Tech dive: building blocks for Litentry’s chain abstraction services
As announced previously, Litentry is marching steadily with a strategic move onto chain abstraction services. While the ultimate vision looks very appealing, it’s never easy to build it — the whole system will be backed by a set of sophisticated yet exquisite components in order to accomplish that. I’ll try to give a sneak peek into it in this article.
In a nutshell, we are building a blockchain scheme that consists of both on-chain and off-chain services.
1. On-chain services
we own a substrate-based, EVM-compatible L1 DPoS main-net that has been running smoothly for over two years. This chain is completely decentralized, thus the consensus, including the runtime logic change can only be done in a democratic way (on-chain voting).
The main-net serves as the cornerstone for the chain abstraction service, especially wherever decentralization, transparency, and traceability are demanded.

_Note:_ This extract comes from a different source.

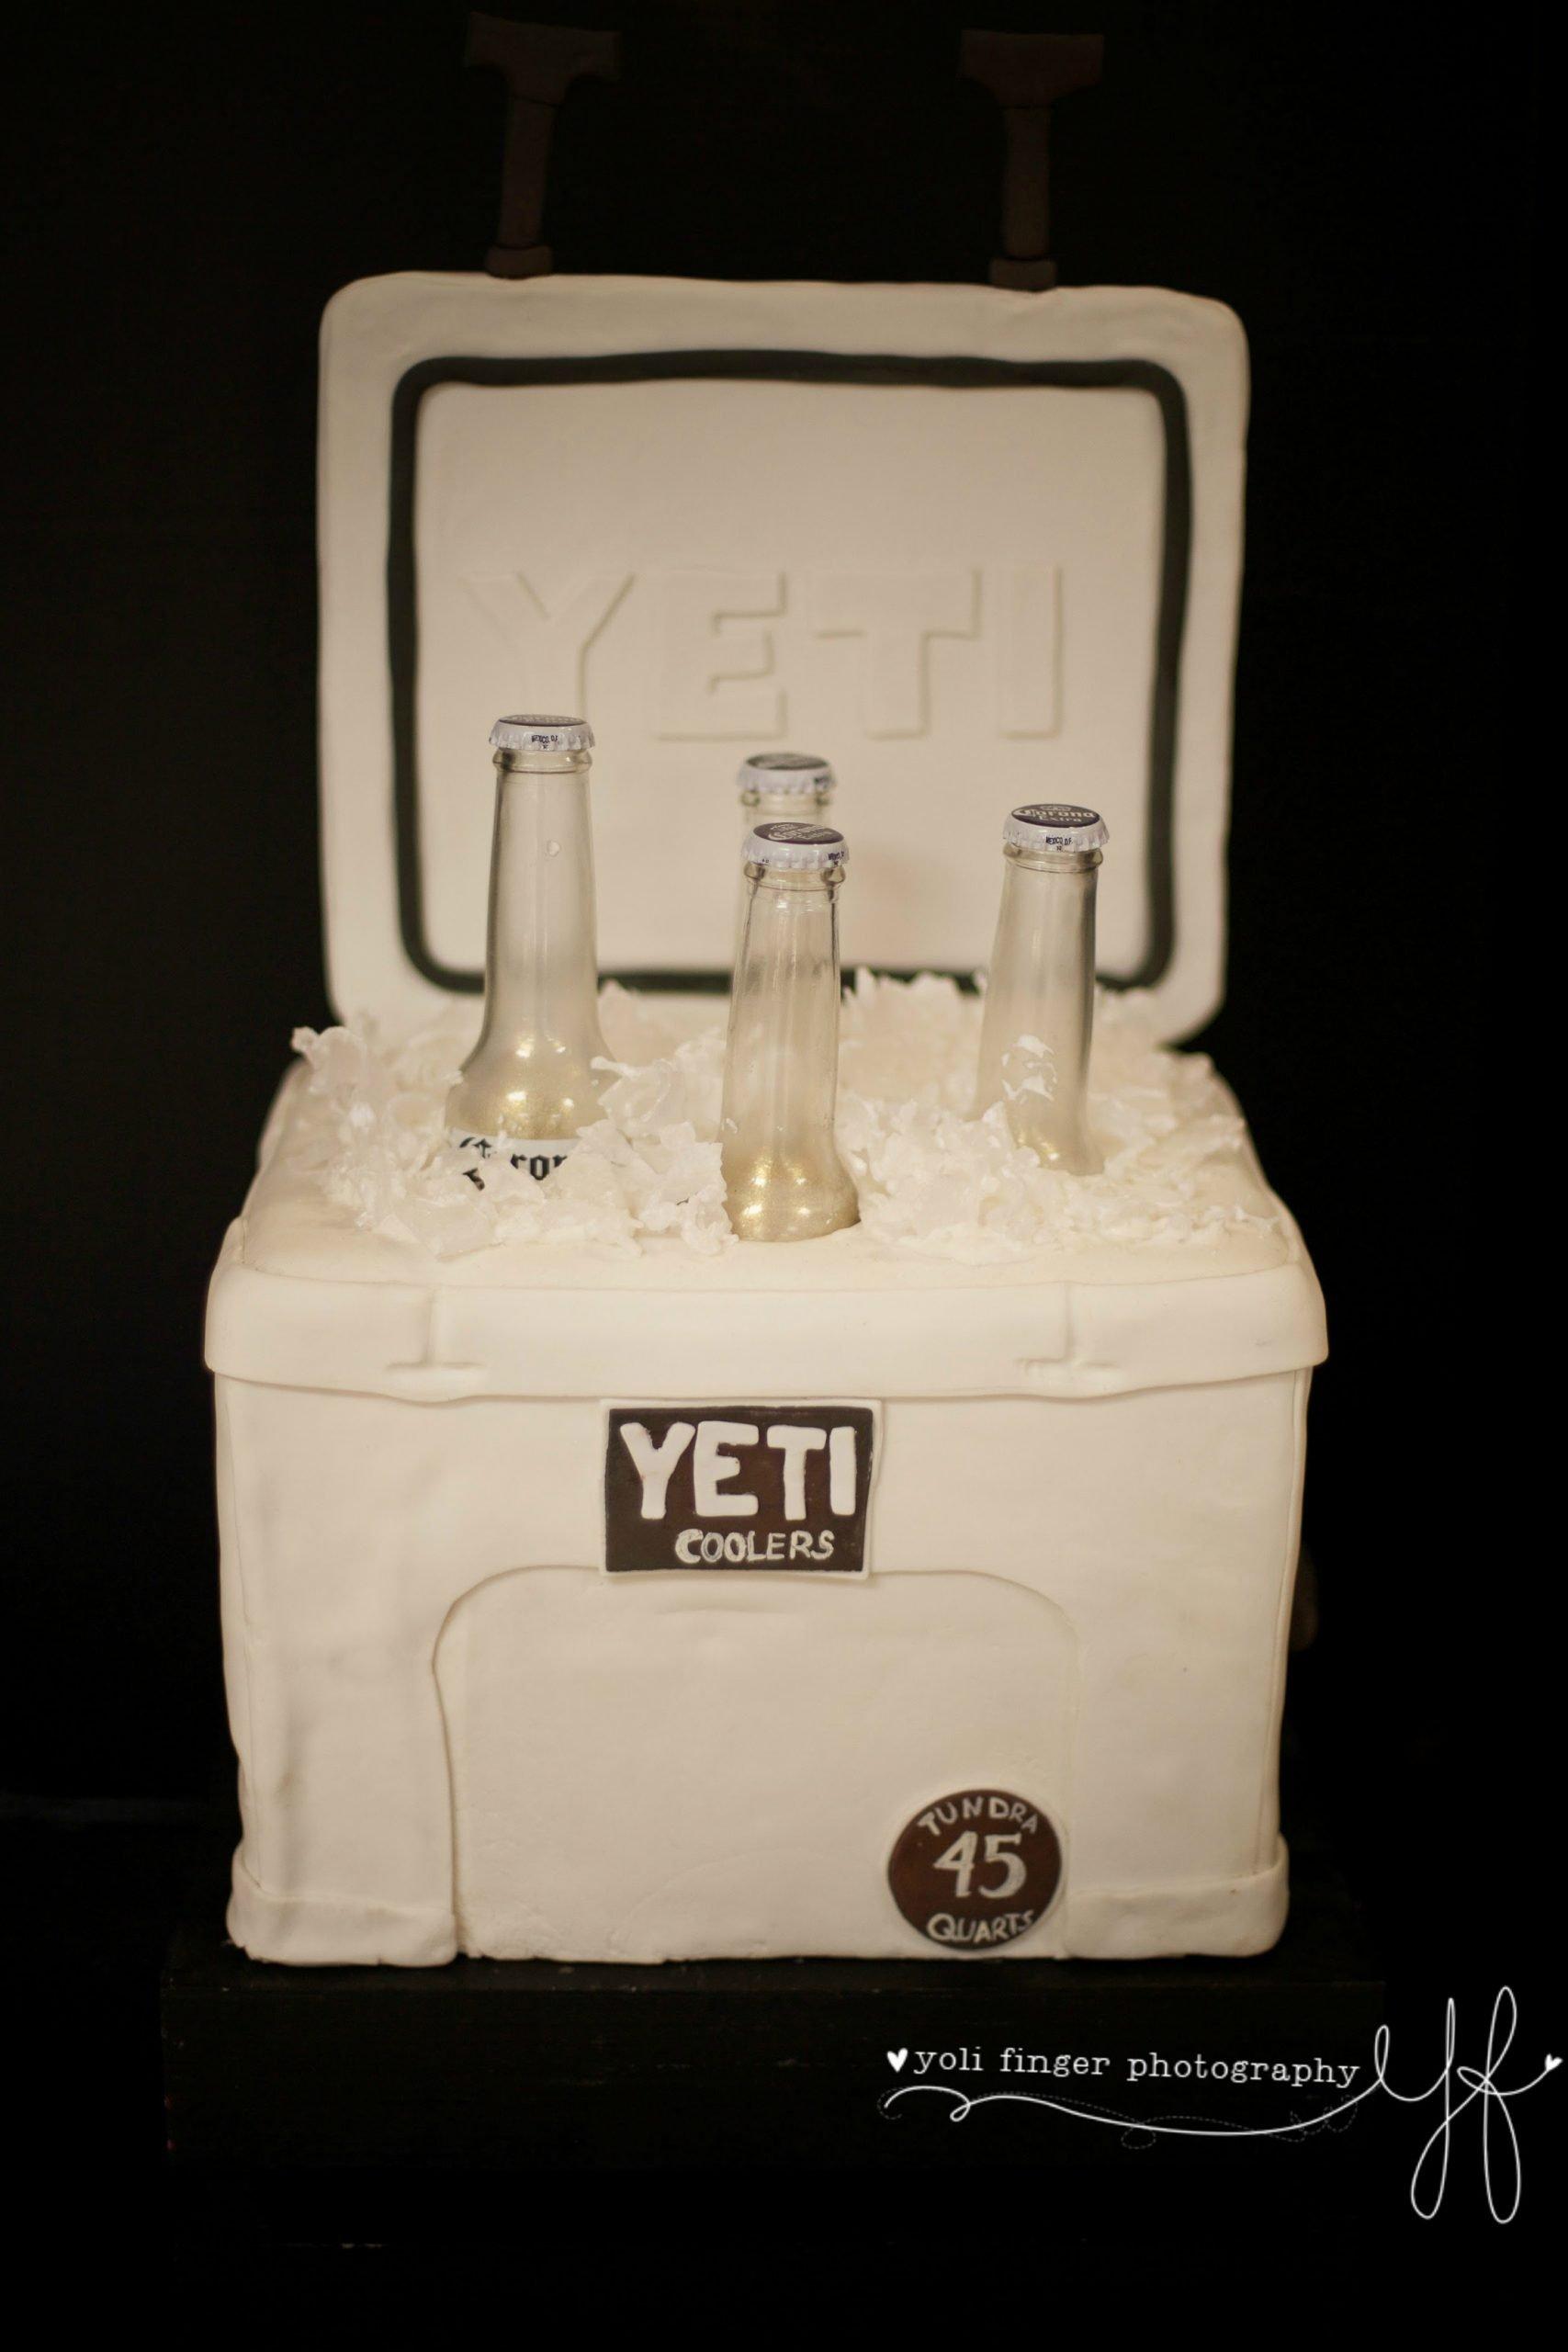 The Cake Shop Yeti Cooler

Concretely, it provides the following services/features:
Modularity, security and flexibility based on substrate
Compared to other L1 chains, the whole mainnet stands out thanks to Substrate Framework:
- Modular: the core components of a blockchain system (network, consensus, runtime etc) are fully customisable and one can choose or adapt the new logic as required
- Security: it’s fully decentralized, thus no single authority can alter the chain state without going through the on-chain governance. The decentralized validation-staking-slashing mechanism combined with a large amount of backed LIT tokens (currently 9M) makes it economically infeasible to attack the network.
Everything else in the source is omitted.